Find all Real solutions of the Equation:
(ENter as comma sparated answers, if there are no real solutions then just leave as NRS)
x^(4/3)-9x^(2/3)+14=0
x=?
set u = x^(2/3)
then you have
u^2-9u+14 = 0
(u-2)(u-7) = 0
so, that means
x^(2/3) = 2
x^(2/3) = 7
I expect you can handle that, now...
Thank you for the help Mr. Steve
To find the real solutions of the equation x^(4/3) - 9x^(2/3) + 14 = 0, we can employ a technique called substitution. This technique involves introducing a new variable in place of the given expression to simplify the equation.
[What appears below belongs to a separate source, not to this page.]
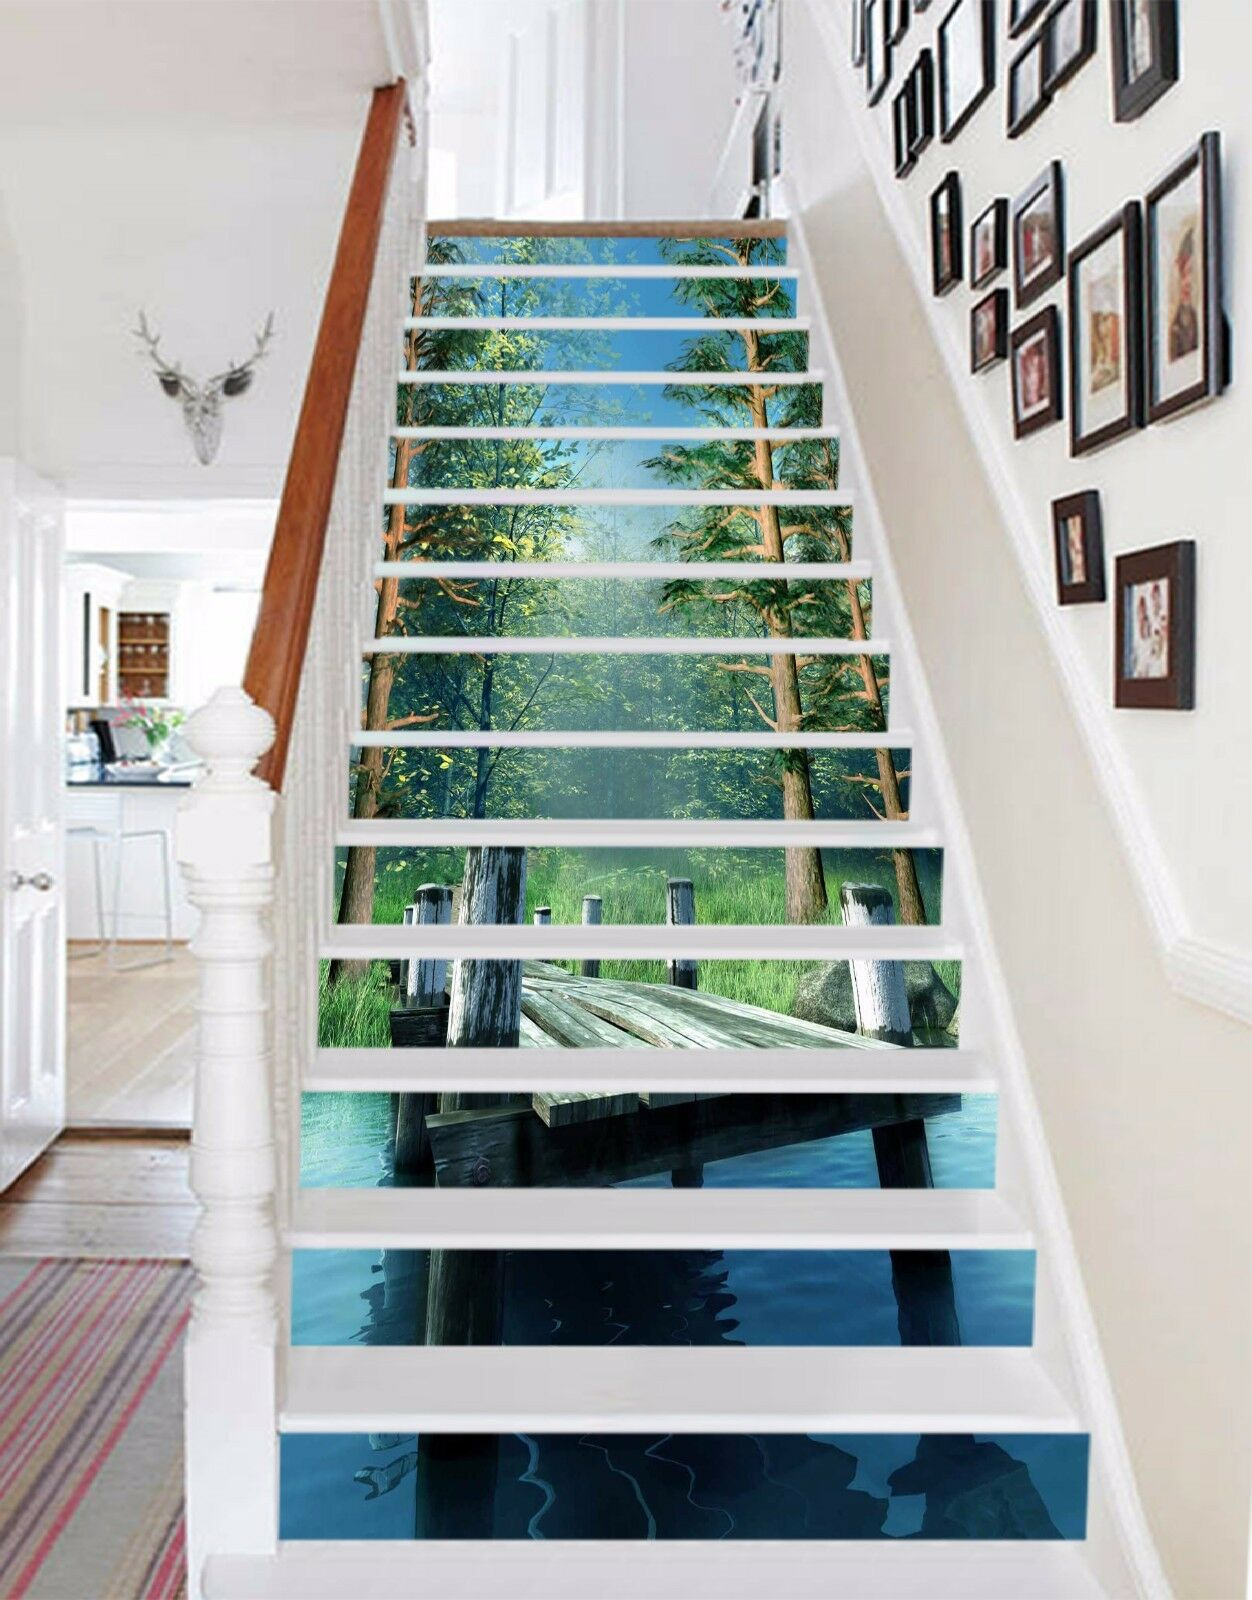 3D Woods Road 5 Stair Risers Decoration Photo Mural Vinyl Decal Wallpaper UK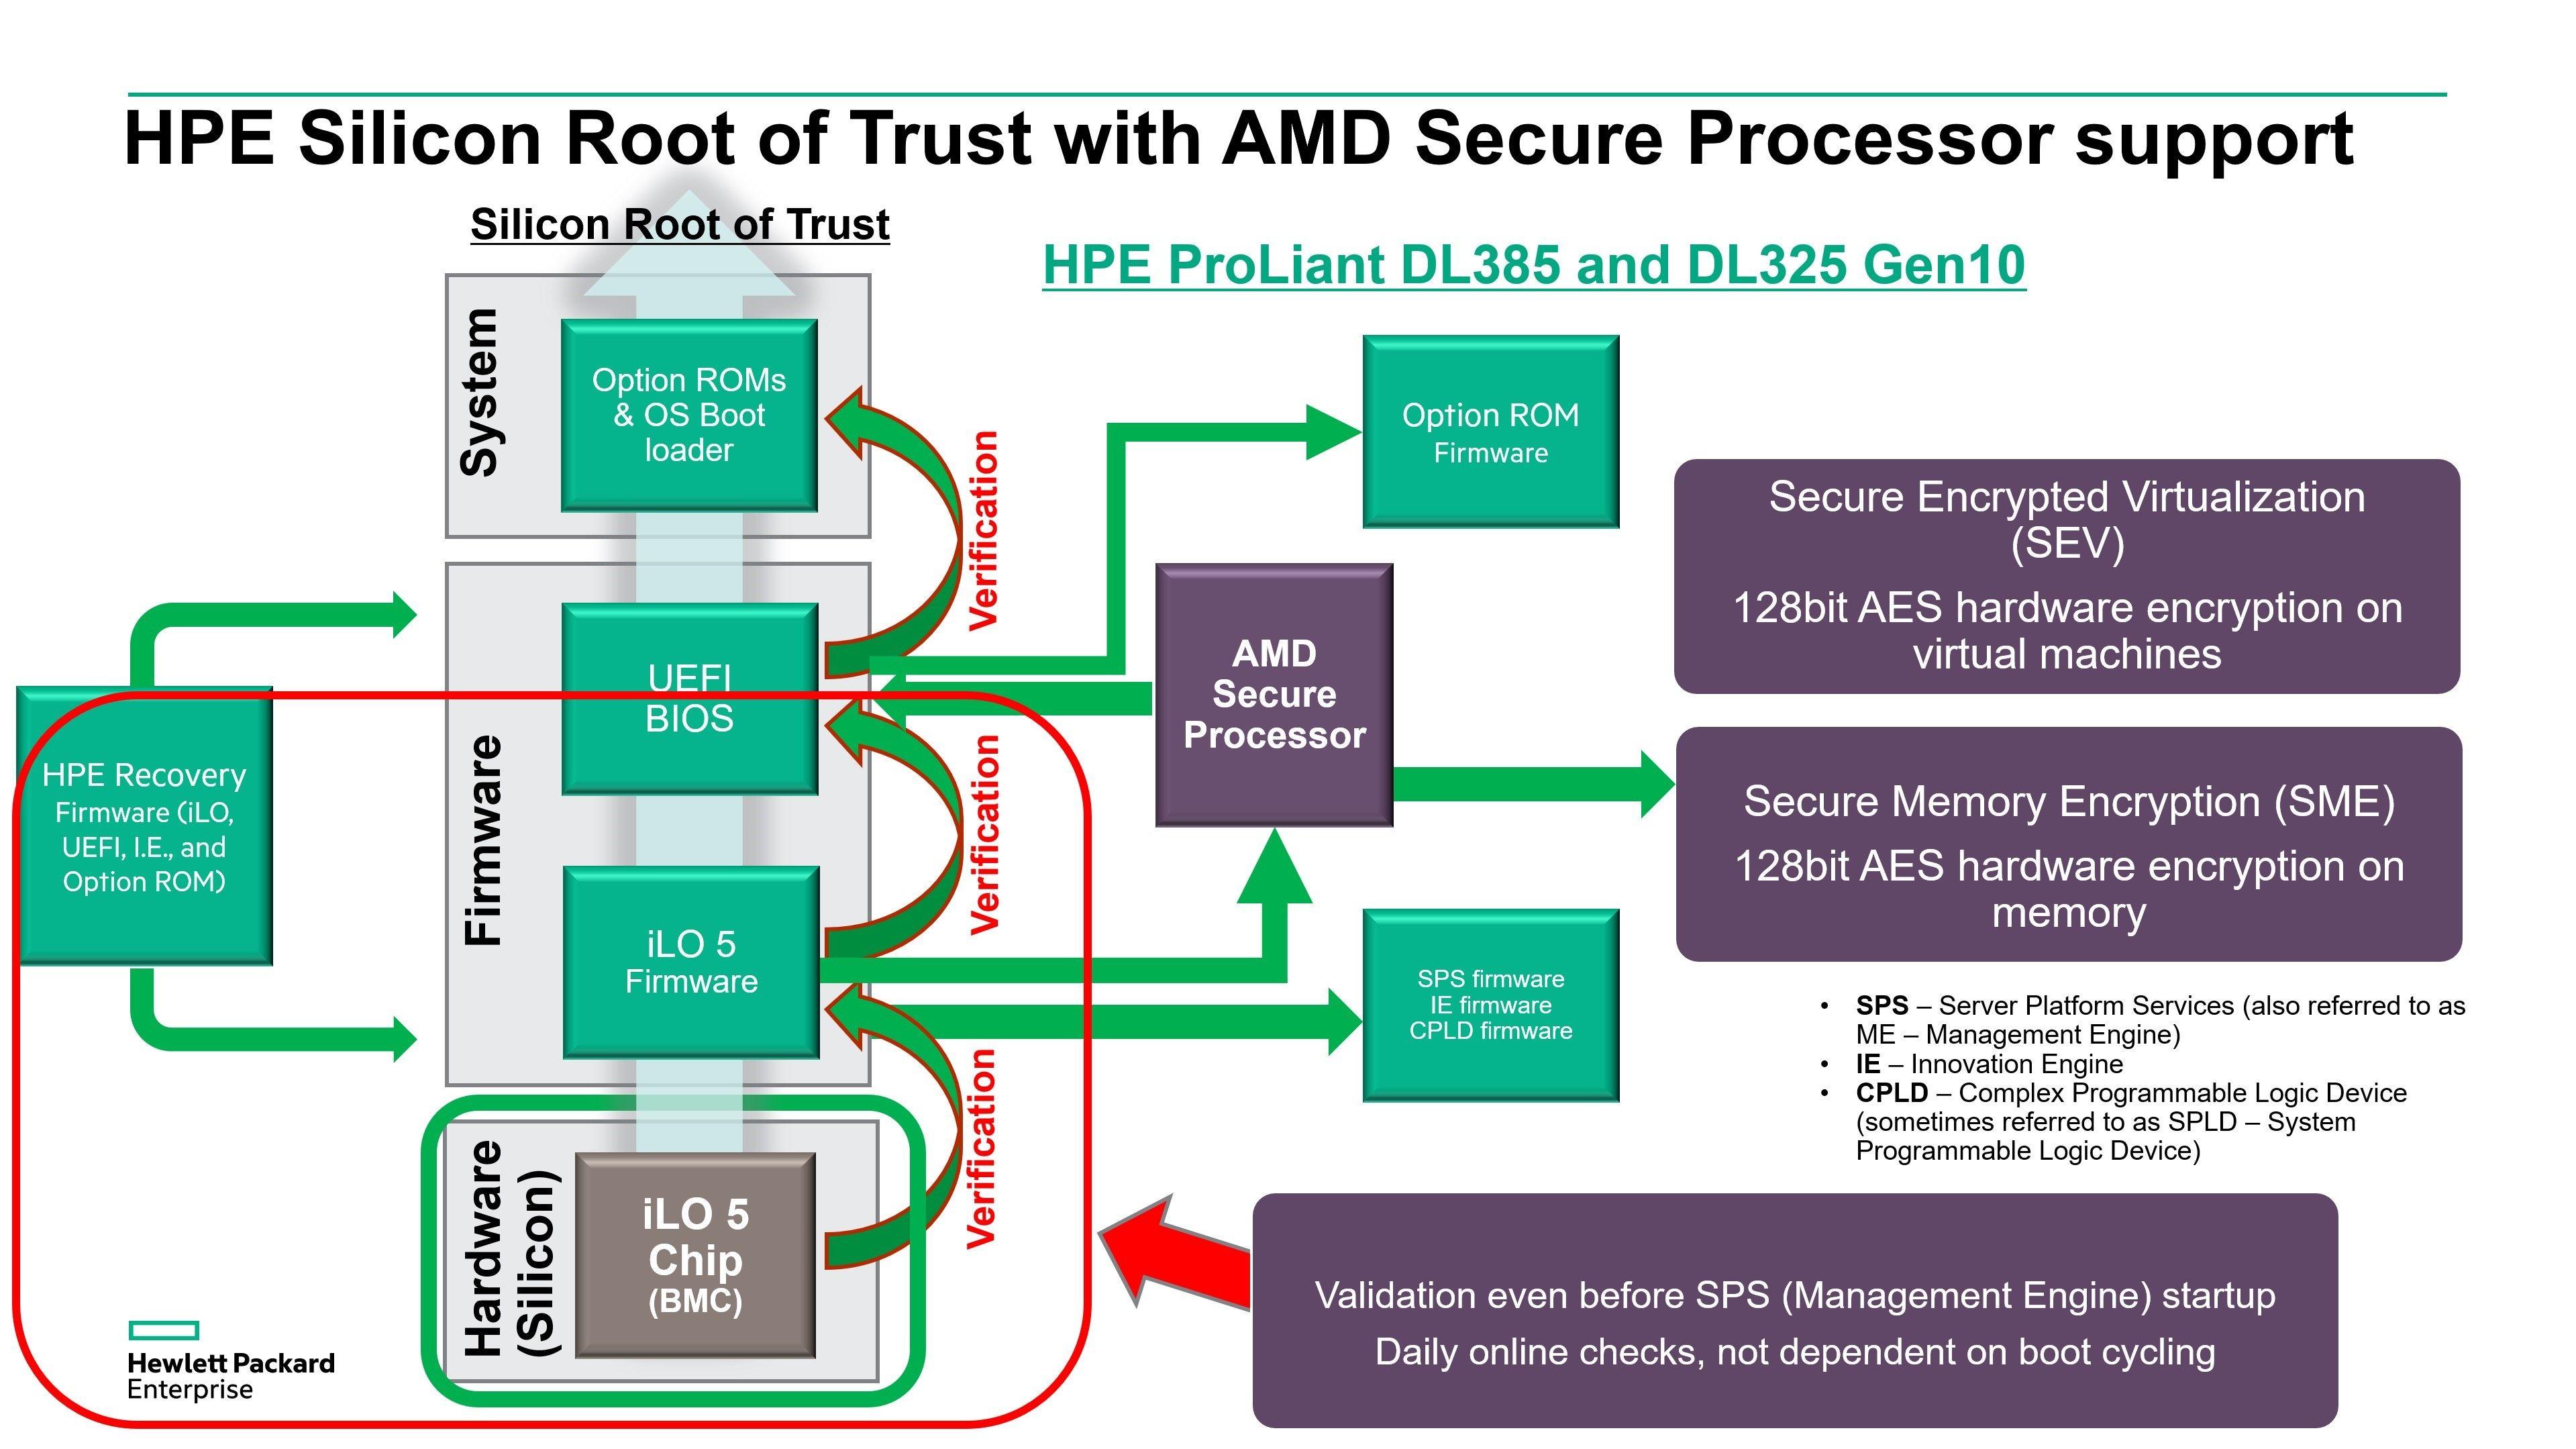 HPE_AMD_3.jpg

Let's substitute a new variable, u, for the term x^(2/3). Therefore, u = x^(2/3).
By doing this substitution, the equation becomes:
u^2 - 9u + 14 = 0.
Now, we can solve this quadratic equation for u by factoring or by using the quadratic formula.
The factored form of the equation is: (u - 2)(u - 7) = 0.
Setting each factor equal to zero gives us two possible values for u:
u - 2 = 0 -> u = 2,
u - 7 = 0 -> u = 7.
However, we should remember that u represents x^(2/3). So, substituting back x^(2/3) for u, we have:
x^(2/3) = 2 -> x = (2)^(3/2) = 2^(3/2) = sqrt(2)^3 = 2.83 (approx),
x^(2/3) = 7 -> x = (7)^(3/2) = 7^(3/2) = sqrt(7)^3 = 10.55 (approx).
Therefore, the real solutions for the given equation are approximately x = 2.83 and x = 10.55.
Thus, the answer is x = 2.83, 10.55.